Author: Jessica Leigh Hester / Source: Atlas Obscura

The year 1903 was a bad one for oysters—or, rather, it was an unsavory time for the New York gourmands who craved heaping piles of goodly mollusks.
In February of that year, from his float at the base of Gansevoort Street, which runs straight to the Hudson River, one anonymous exporter lamented that the oysters were so spotty and small that “it is scarcely worth bringing them to market.” Succulent large ones, or even acceptably average contenders? Those, he said, “are as scarce as grapes in Greenland.”And the little ones were not going to get much play in the city’s seafood bars. “New York does not like the small oyster,” the exporter continued. Restaurants and hotels demanded mollusks with a theatrical streak, “that would make a show in a fry, or panned, or stewed.”

As the 19th century rolled into the 20th, New York newspapers were full of dispatches about oysters—enormous ones in particular. One described bivalves that washed ashore in Australia, measuring more than a foot across the shell. Another reported that one had turned up on the banks of Christchurch, on England’s southern coast, weighing in at 3.5 pounds.

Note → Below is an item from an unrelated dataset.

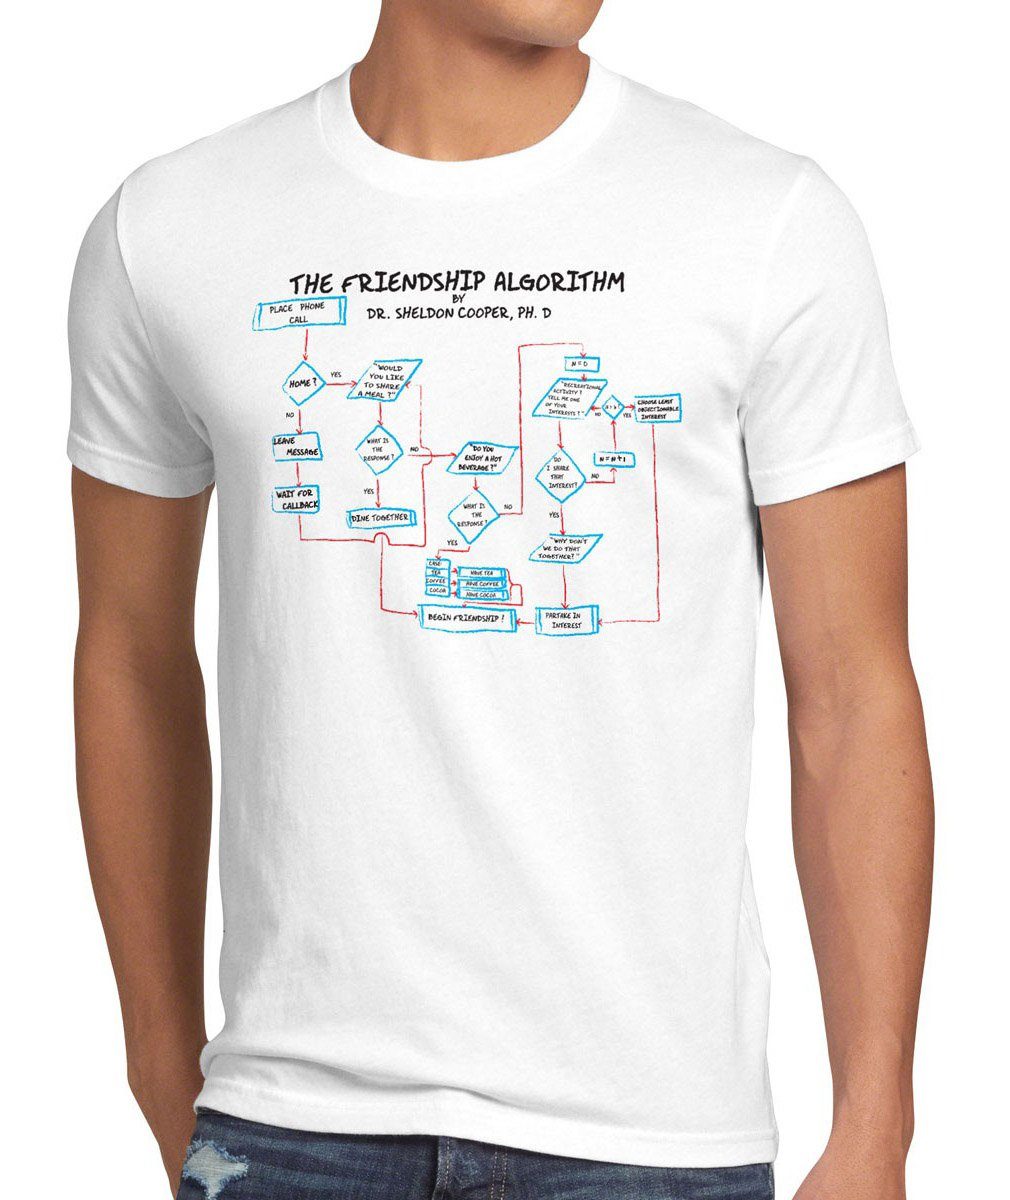 Theory Cooper Algorithm Bang Sheldon Freundschaft Big T-Shirt Formel weiß Friendship Print-Shirt style3 Herren

For a time in the 1800s, the city drooled over Saddle Rock oysters—a splendid, sizable variety that carried with it a whiff of myth. (They were said to be named for their home, an equestrian-shaped rock in in the East River, where a bed was revealed during low tide one day in 1827.) Though this crop was exhausted soon after, the name lived on, and was attached to many large varieties. Just how big New York’s biggest oysters usually were, though, remains…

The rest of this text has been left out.